On the other hand, you make a very compelling argument of “nuh uh” so I guess I should take that into account.
This is such an annoyingly useless study. 1) the cases they gave ChatGPT were specifically designed to be unusual and challenging, they are basically brain teasers for pediatrics, so all you’ve shown is that ChatGPT can’t diagnose rare cases, but we learn nothing about how it does on common cases. It’s also not clear that these questions had actual verifiable answers, as the article only mentions that the magazine they were taken from sometimes explains the answers.
since these are magazine brain teasers, and not an actual scored test, we have no idea how ChatGPT’s score compares to human pediatricians. Maybe an 83% error rate is better than the average pediatrician score.
why even do this test with a general purpose foundational model in the first place, when there are tons of domain specific medical models already available, many open source?
the paper is paywalled, but there doesn’t seem to be any indication that the researchers used any prompting strategies. Just last month Microsoft released a paper showing gpt-4, using CoT and multi shot promoting, could get a 90% score on the medical license exam, surpassing the 86.5 score of the domain specific medpapm2 model.

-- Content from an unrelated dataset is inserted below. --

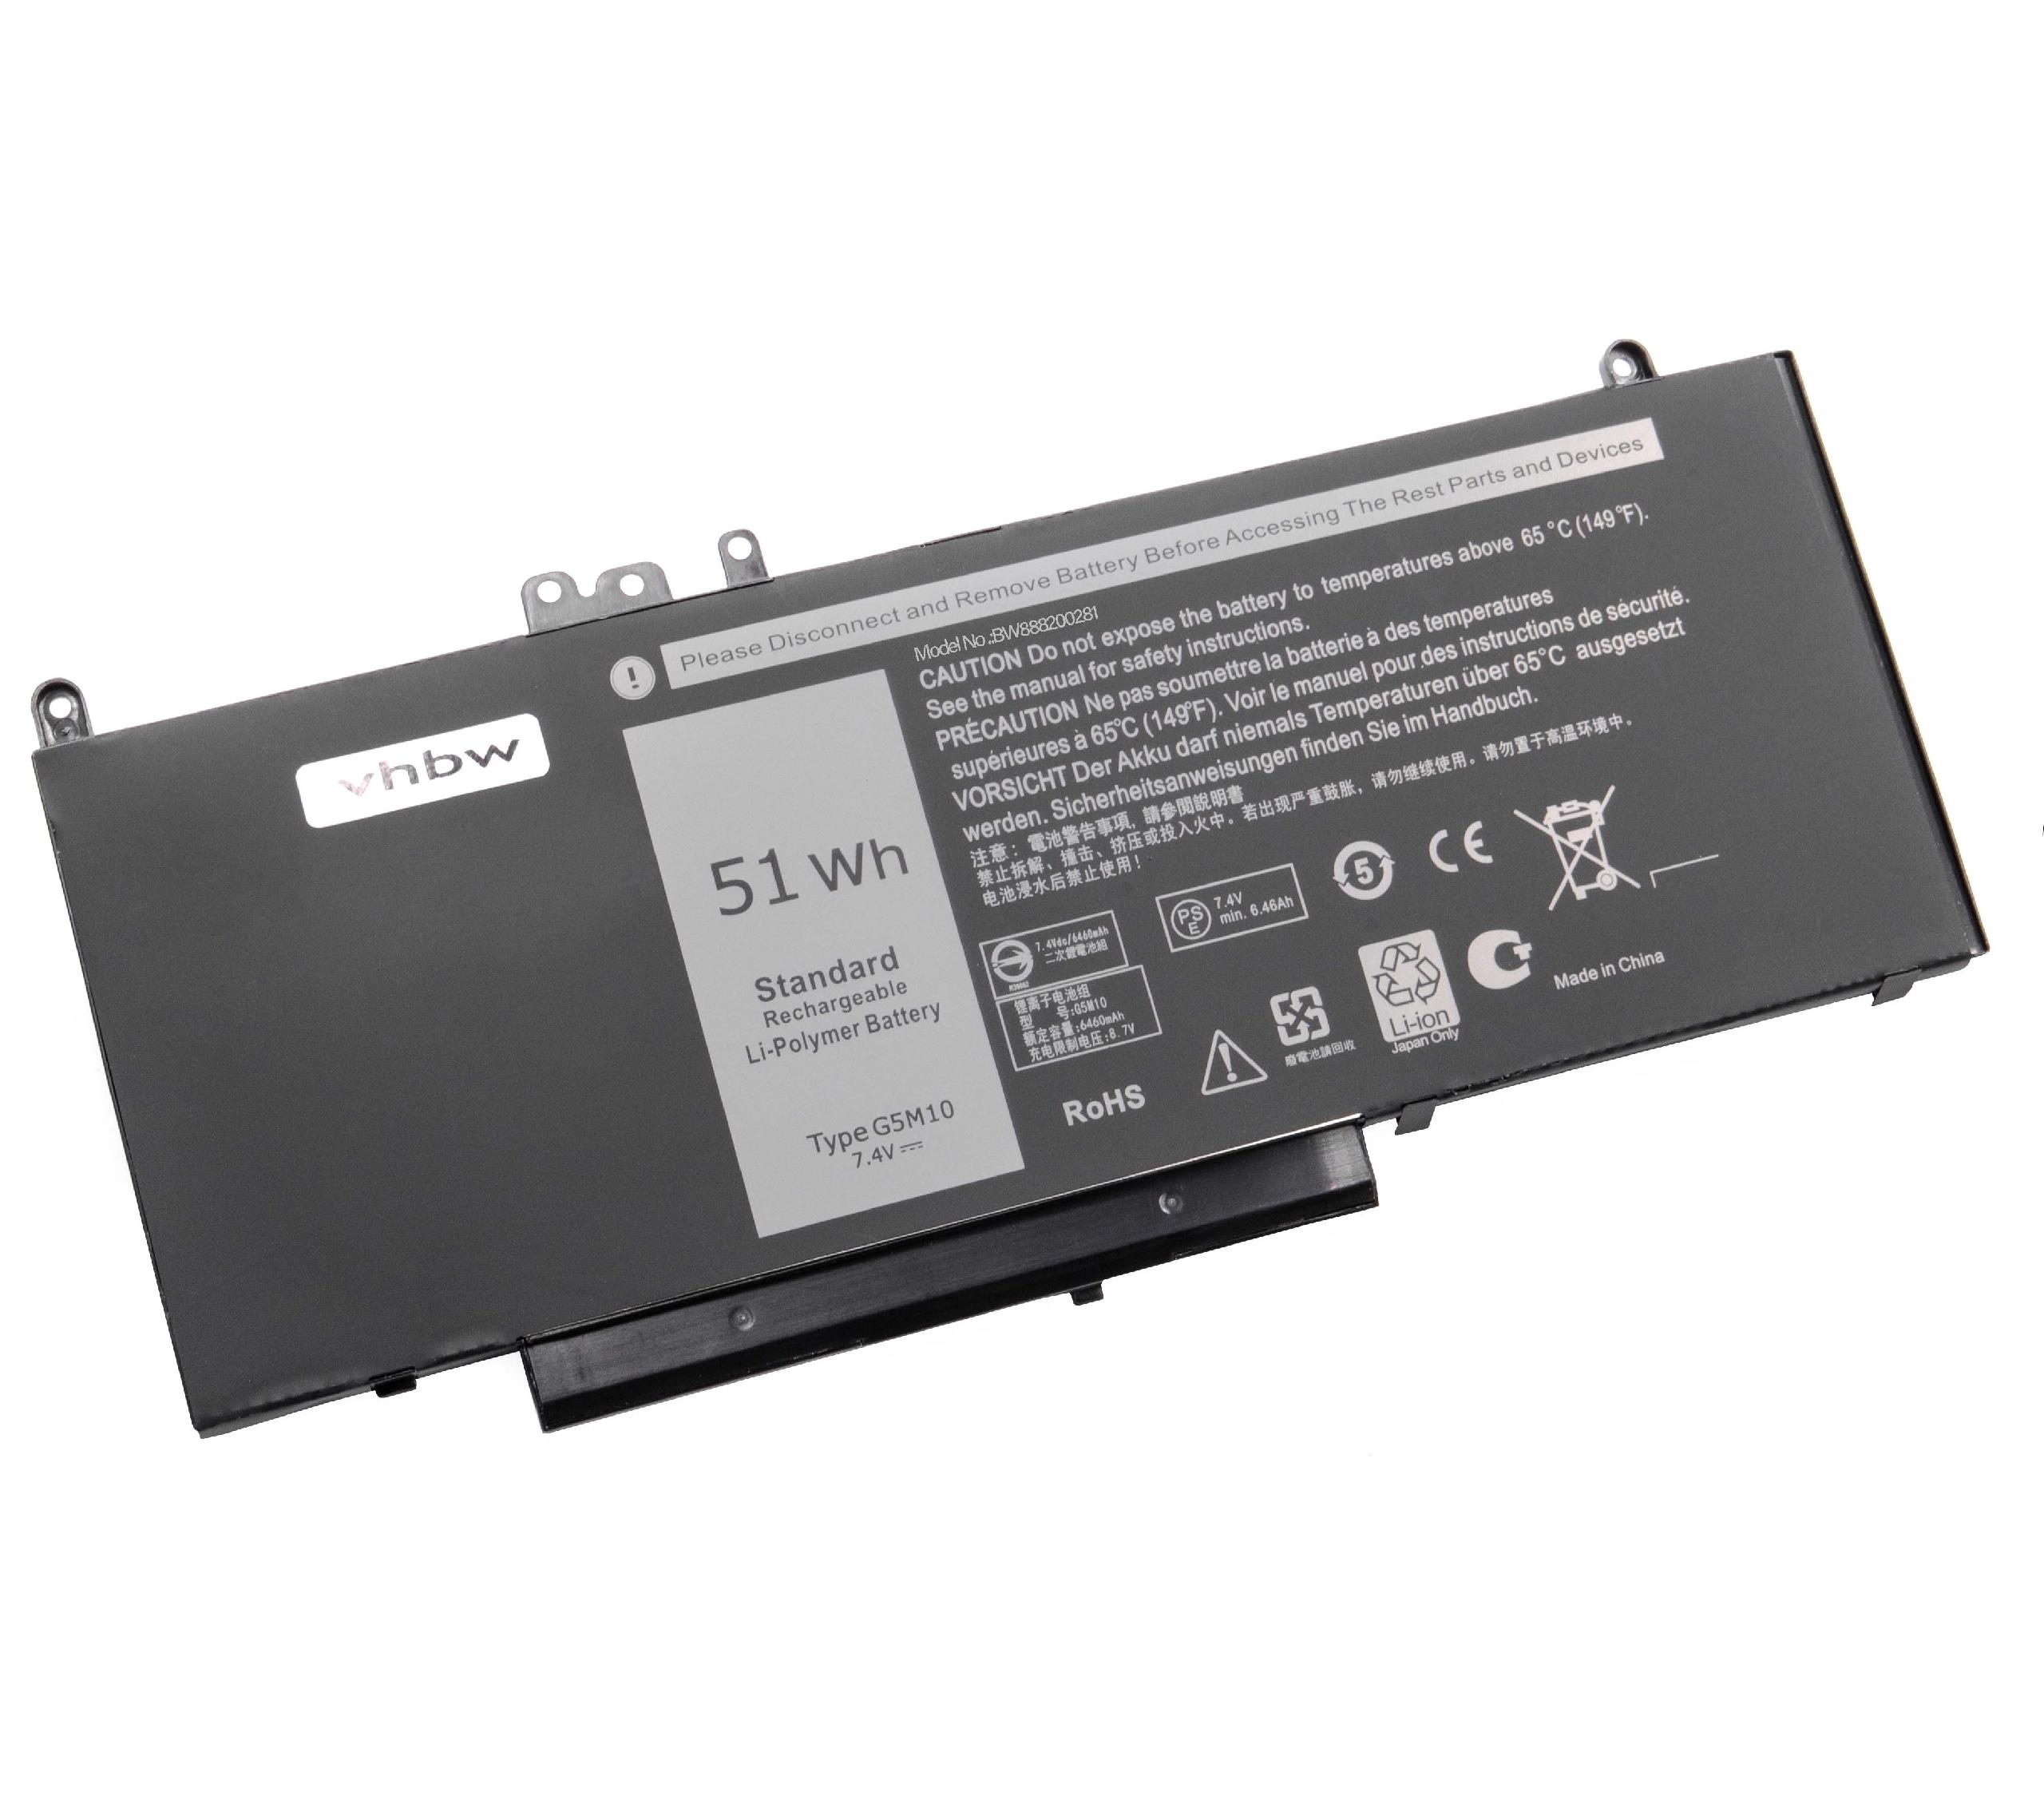 Batterie remplace Dell 0WYJC2, 0G5M10, 079VRK, 1KY05 pour ordinateur portable - 6800mAh 7,4V Li-polymère

This paper just smacks of defensive doctors trying to dunk on ChatGPT. Give a multi purpose model super hard questions, no promoting advantage, and no way to compare it’s score against humans, and then just go “hur during chatbot is dumb.” I get it, doctors are terrified because specialized LLMs are very certain to take a big chunk of their work in the next five years, so anything they can do to muddy the water now and put some doubt in people’s minds is a little job protection.
If they wanted to do something actually useful, give those same questions to a dozen human pediatricians, give the questions to gpt-4 with zero shot, gpt-4 with Microsoft’s promoting strategy, and medpalm2 or some other high performing domain specific models, and then compare the results. Oh why not throw in a model that can reference an external medical database for fun! I’d be very interested in those results.

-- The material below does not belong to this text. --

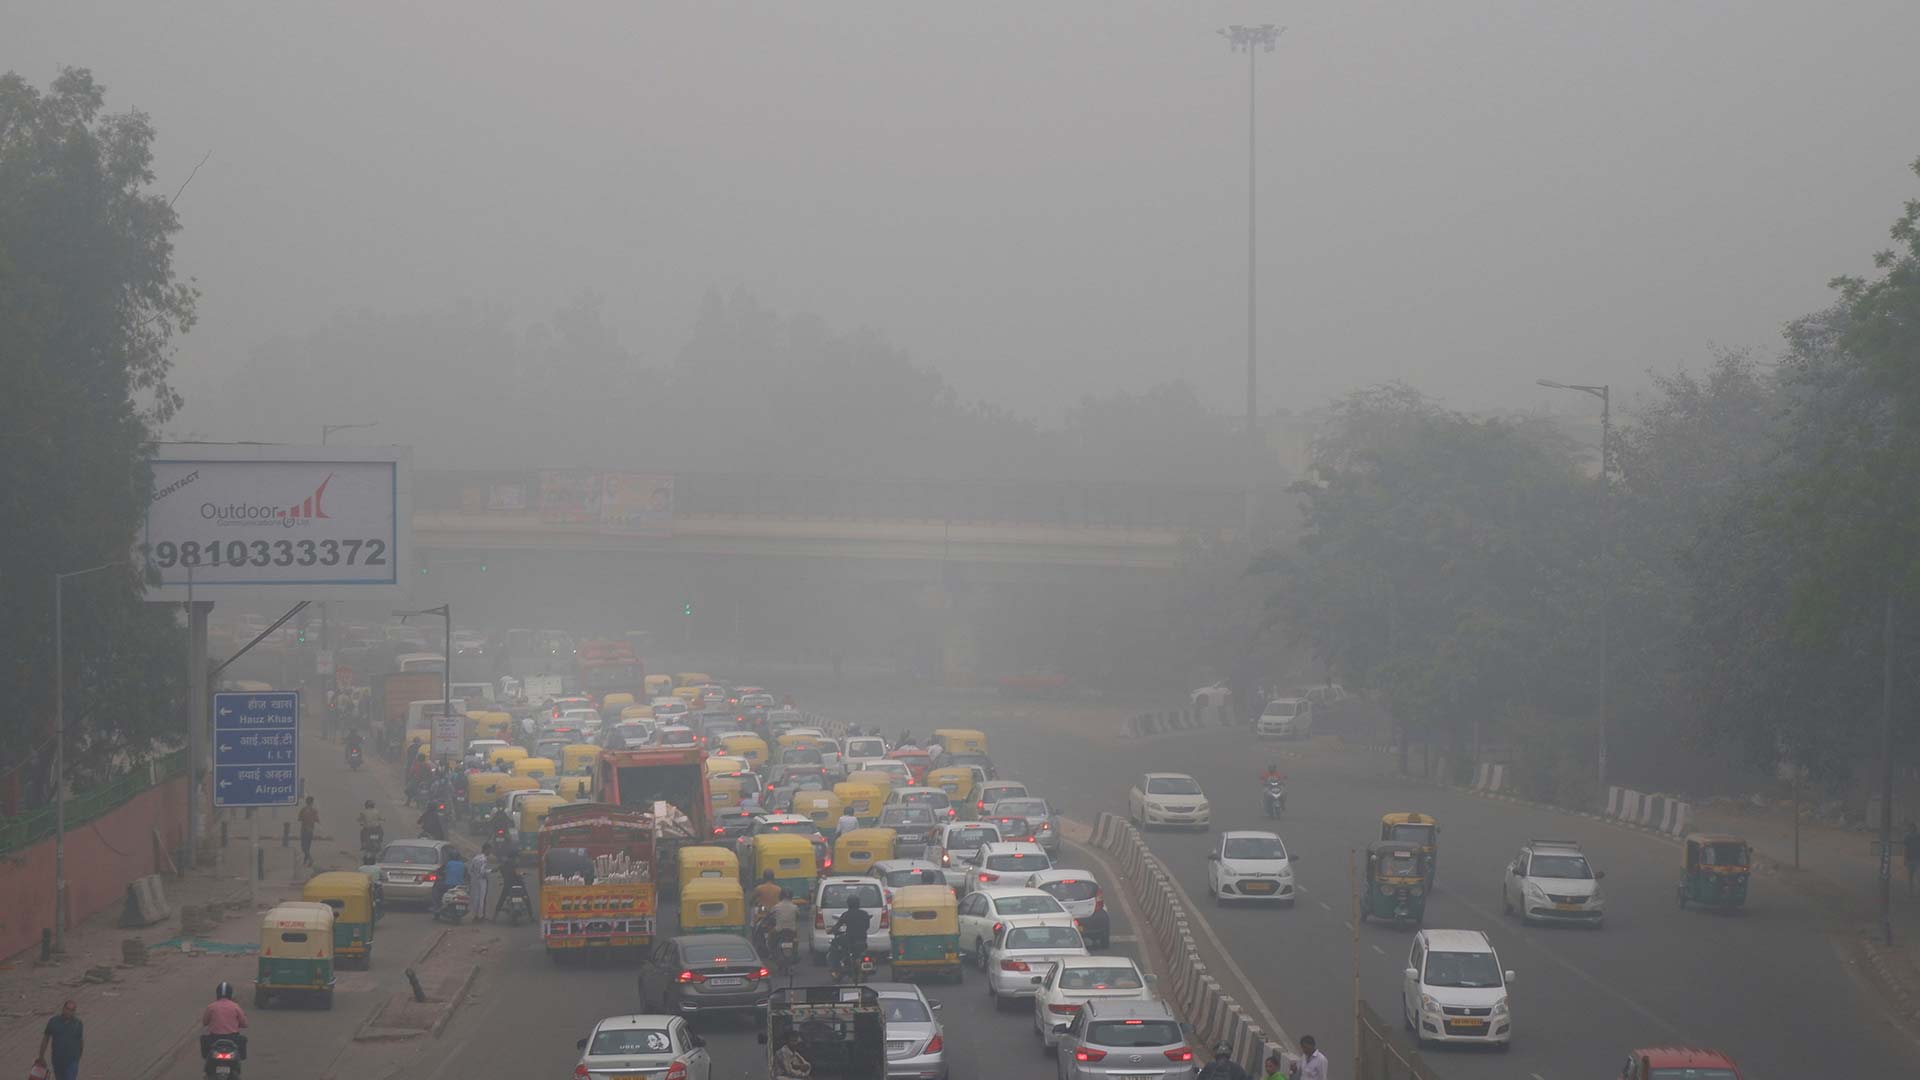 La emergencia de salud en Nueva Delhi por la contaminación obliga a restringir el tráfico

Edit to add: If you want to read an actually interesting study, try this one: https://arxiv.org/pdf/2305.09617.pdf from May 2023. “Med-PaLM 2 scored up to 86.5% on the MedQA dataset…We performed detailed human evaluations on long-form questions along multiple axes relevant to clinical applications. In pairwise comparative ranking of 1066 consumer medical questions, physicians preferred Med-PaLM 2 answers to those produced by physicians on eight of nine axes pertaining to clinical utility.” The average human score is about 60% for comparison. This is the domain specific LLM I mentioned above, which last month Microsoft got GPT-4 to beat just through better prompting strategies.
Ugh this article and study is annoying.
LLM are not even the right type of AI to try to do medical diagnosis with. Stop treating LLMs like they can fucking think and reason. They do not.
There literally are probably a dozen LLM models trained exclusively on or fined tuned on medical papers and other medical materials, specifically designed to do medical diagnosis. The already perform on pair or better than the average doctors in some tests. It’s already a thing. And they will get better. Will they replace doctors outright, probably not at least not for a while. But they certainly will be very helpful tools to help doctors make diagnosis and miss blind spots. I’d bet in 5-10 years it will be considered malpractice (i.e., below the standard of care) not to consult with a specialized LLM when making certain diagnosis.
On the other hand, you make a very compelling argument of “nuh uh” so I guess I should take that into account.